What you should do: When you transcribe the listing that follows, keep every line exact and omit the pictures.

Recorded information:
------------------------------

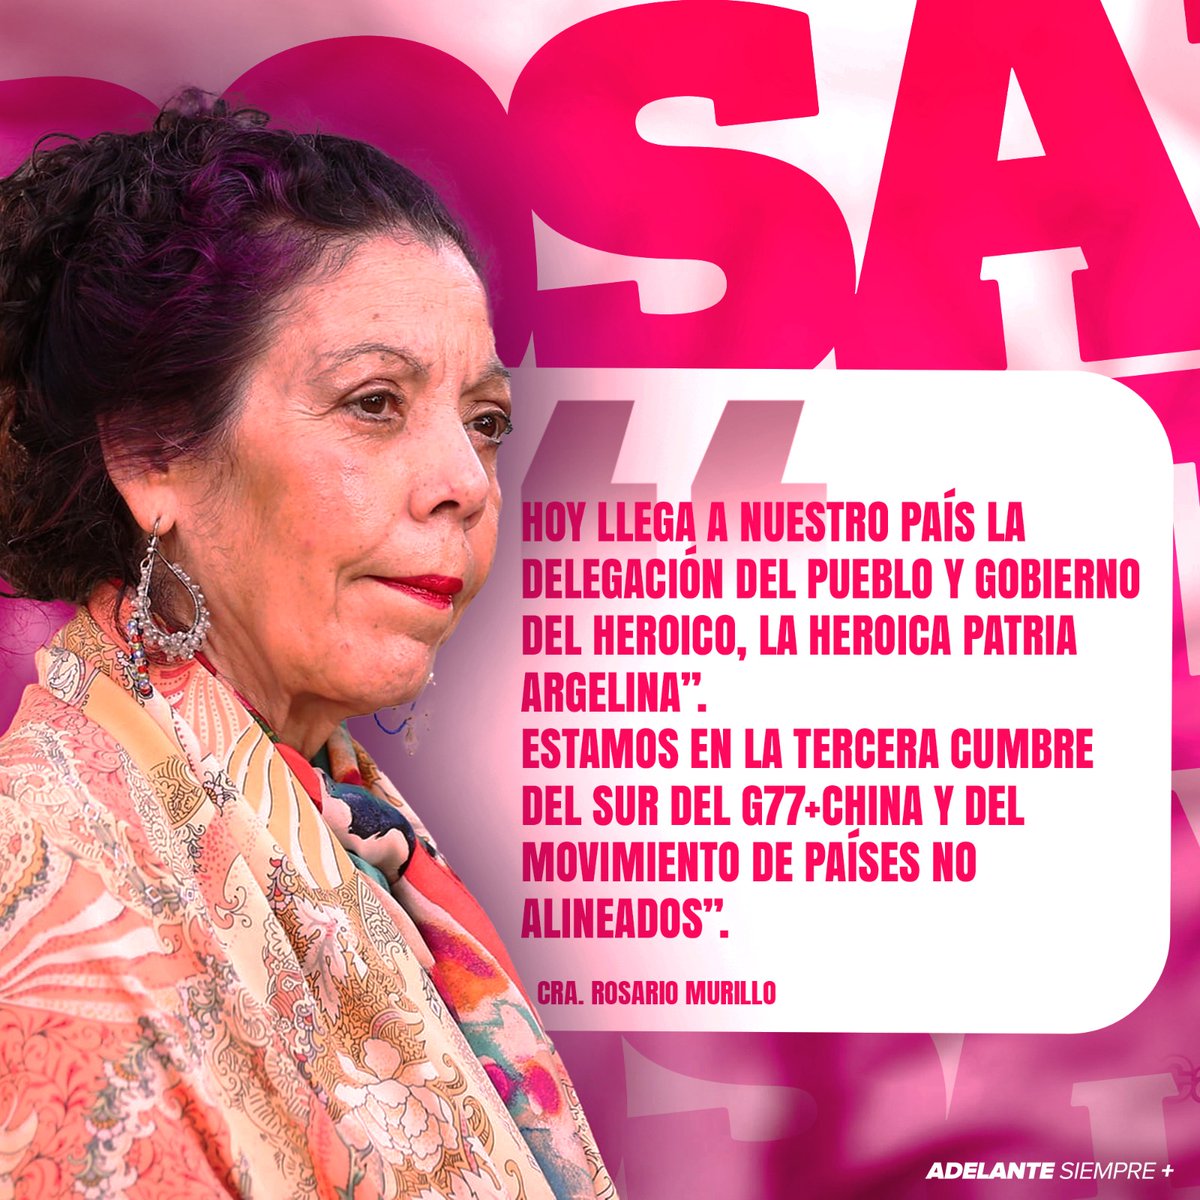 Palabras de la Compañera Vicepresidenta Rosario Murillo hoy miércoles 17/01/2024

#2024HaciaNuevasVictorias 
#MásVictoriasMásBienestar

------------------------------

Solution to the exercise:
 Palabras de la Compañera Vicepresidenta Rosario Murillo hoy miércoles 17/01/2024

#2024HaciaNuevasVictorias 
#MásVictoriasMásBienestar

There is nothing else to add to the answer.